De eeuwenoude handelsstad Alexandrië, 'de parel van de Middellandse Zee', is de tweede stad van Egypte en behoort tot de belangrijkste steden uit de Egyptische geschiedenis. Alexandria is genoemd naar zijn stichter, Alexander de Grote. In zijn opdracht werd op 7 april 331 voor Chr. begonnen met de bouw van de stad. Bijna 1000 jaar was Alexandrië de hoofdstad van Egypte. Met de zelfmoord van Cleopatra VII in 30 v. Chr. eindigde Alexandriës bloeitijd. De volgende eeuwen van Romeinse bezetting werden gekenmerkt door talrijke bloedige conflicten, die de geleidelijke maar zekere neergang van de stad begeleidden. In 642 kwam de stad in handen van de Arabieren en werd de hoofdstad van Egypte verplaatst naar Cairo.

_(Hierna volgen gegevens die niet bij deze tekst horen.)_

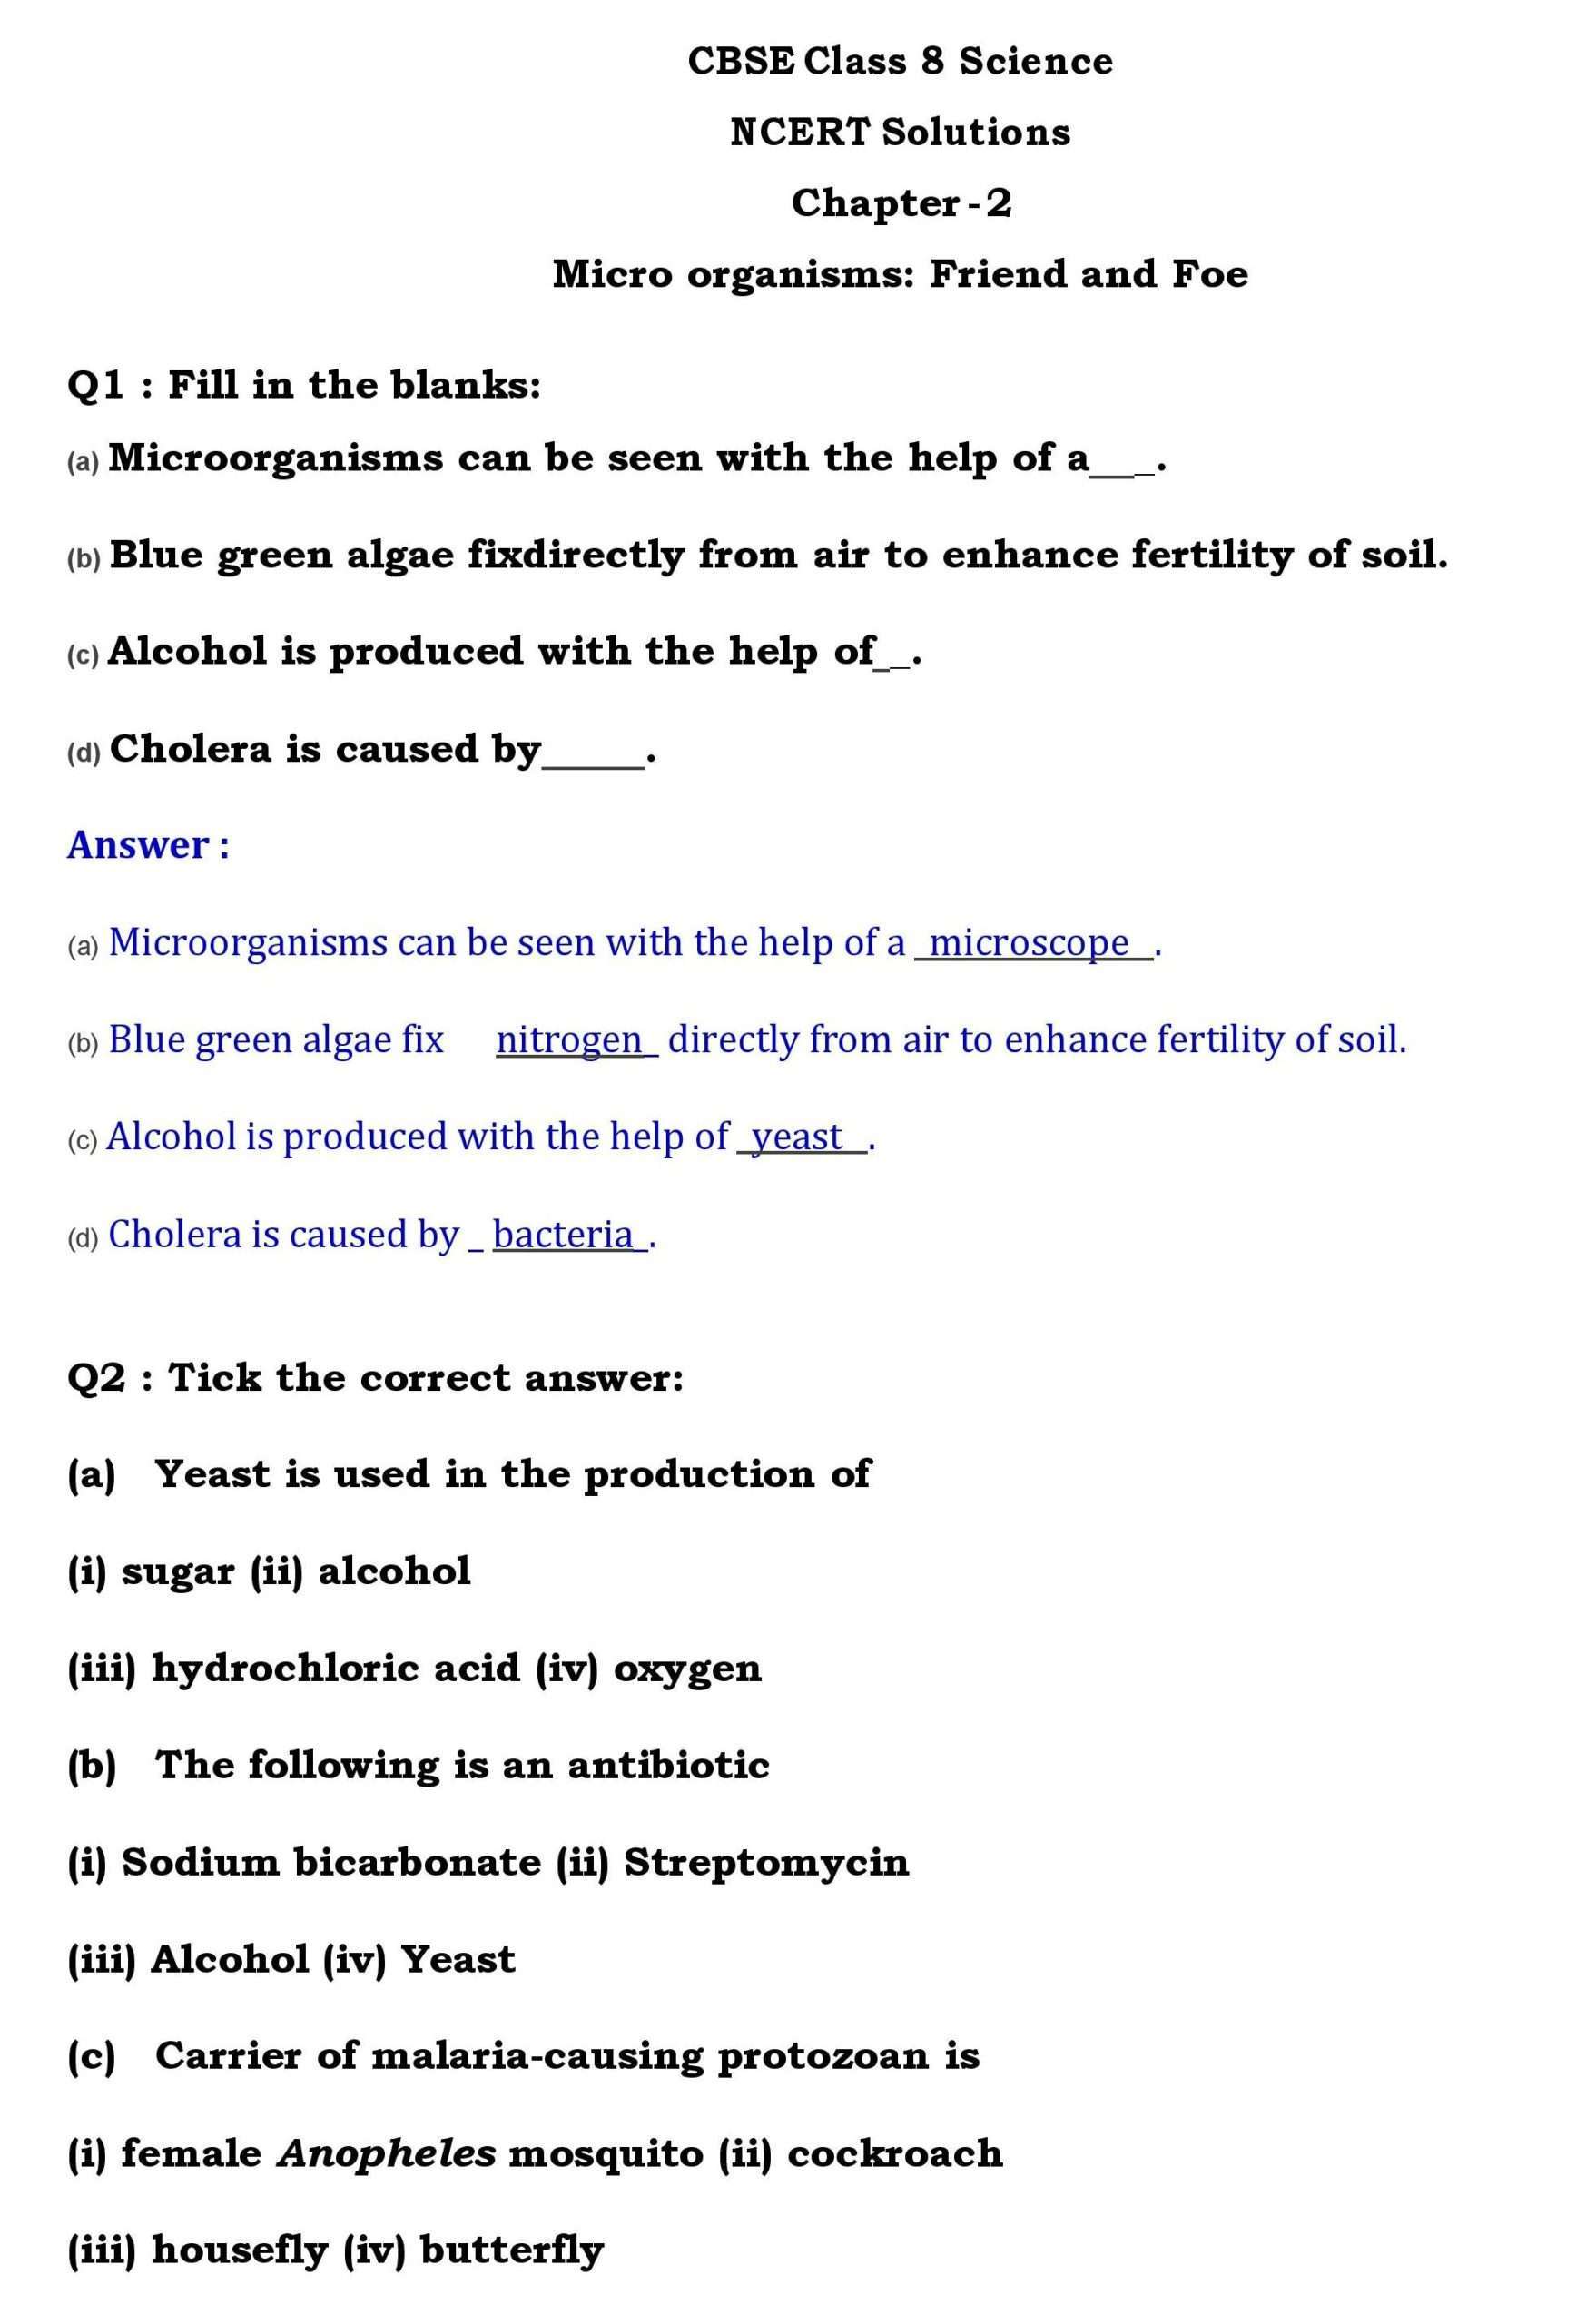 NCERT Solutions for Class 8 Science Chapter 2 page 001 scaled

Alexandrië ligt 220 km ten noorden van Cairo en heeft ongeveer 5 miljoen inwoners. Er zijn veel overblijfselen uit de Romeise tijd te vinden.
Pilaar van Pompeius (292 na Chr.)
De dertig meter hoge, uit roze Aswangraniet gehouwen zuil van Pompeius wordt verondersteld een cadeau van het volk van Alexandria te zijn geweest aan keizer Diocletianus, die terugkwam op zijn voornemen om, na een opstand, de stad te verwoesten en de bevolking uit te moorden.

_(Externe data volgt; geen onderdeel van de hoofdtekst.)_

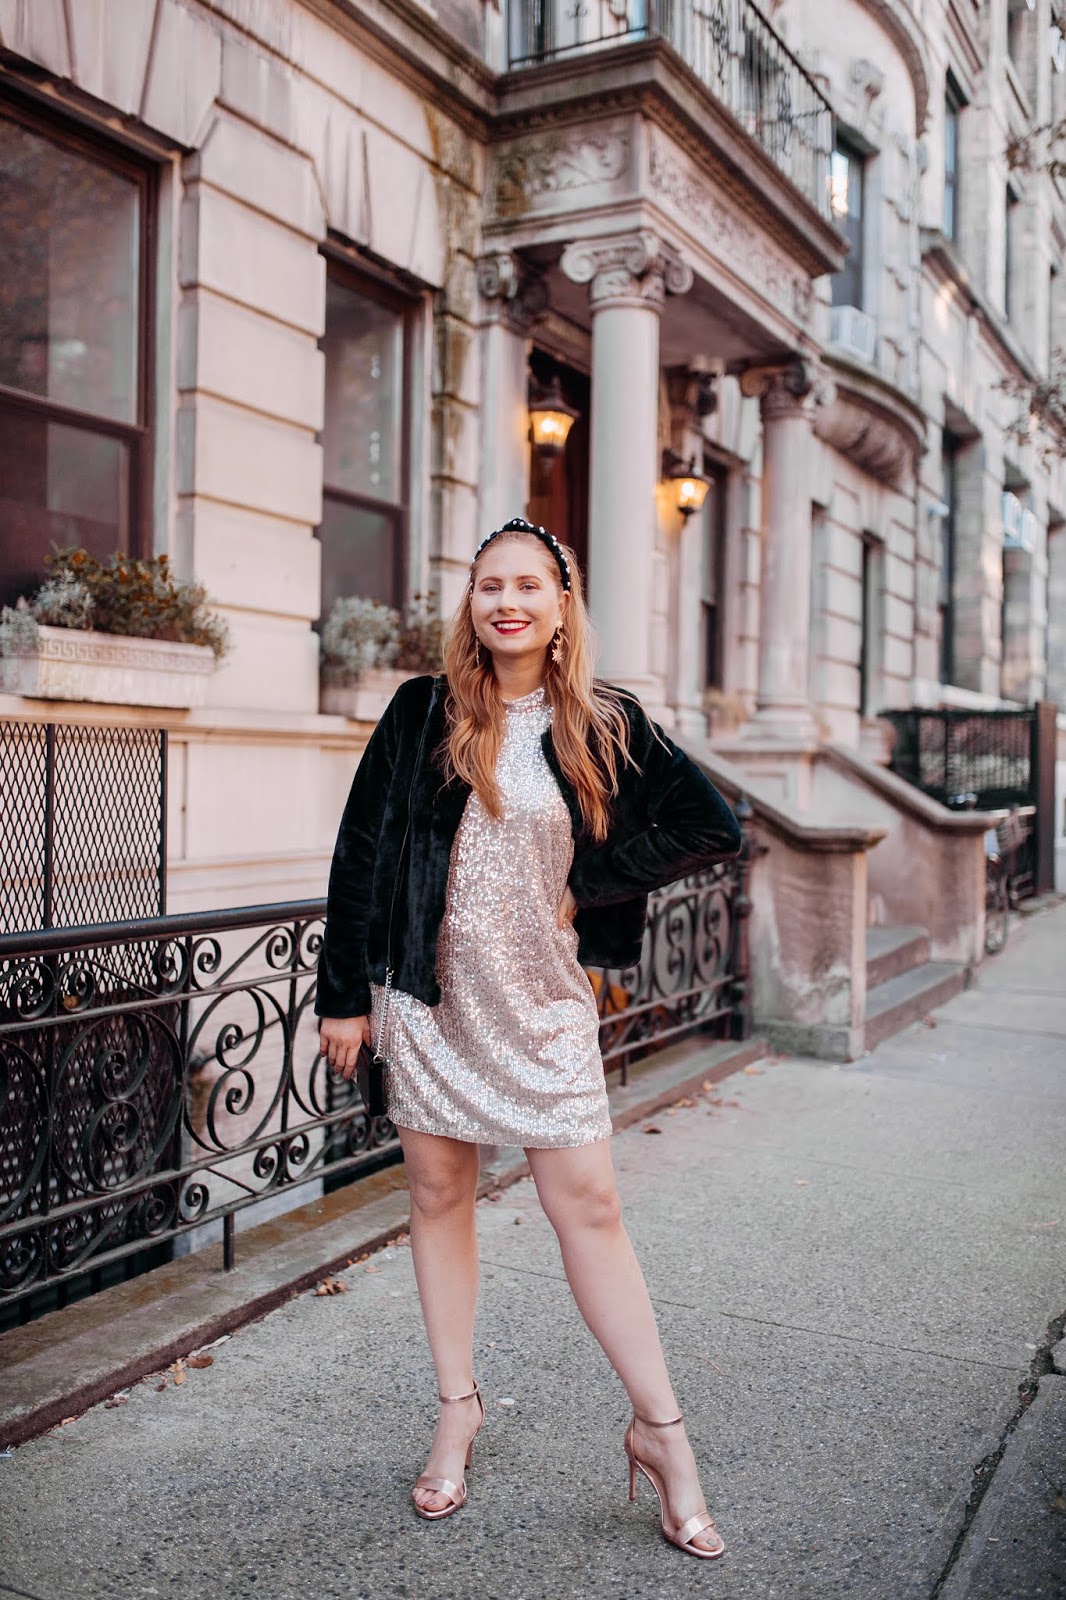 How to Style Sequins for New Year's Eve.1. Sequin Dress + Faux Fur Jackets.2. Sequin Skirt + Cropped Chenille Eyelash Sweaters. H&M Sweaters. Forever 21 Chenille Sweaters. Sequin Pants from Express. Sequin Skirts from Express. New York City Photoshoot with Carter Fish.

De zuil wordt gezien als het belangrijkste oudheidkundige monument in Alexandrië.
In de buurt van de zuil staan ook twee sfinxen en resten van het Serapeum, een van de oudste en belangrijkste gebouwen die Alexandrië heeft gekend.
Het monument dankt zijn nog steeds gebruikelijke naam aan de vroege Middeleeuwen, toen men hier het graf van de Romeinse veldheer Pompeius vermoedde.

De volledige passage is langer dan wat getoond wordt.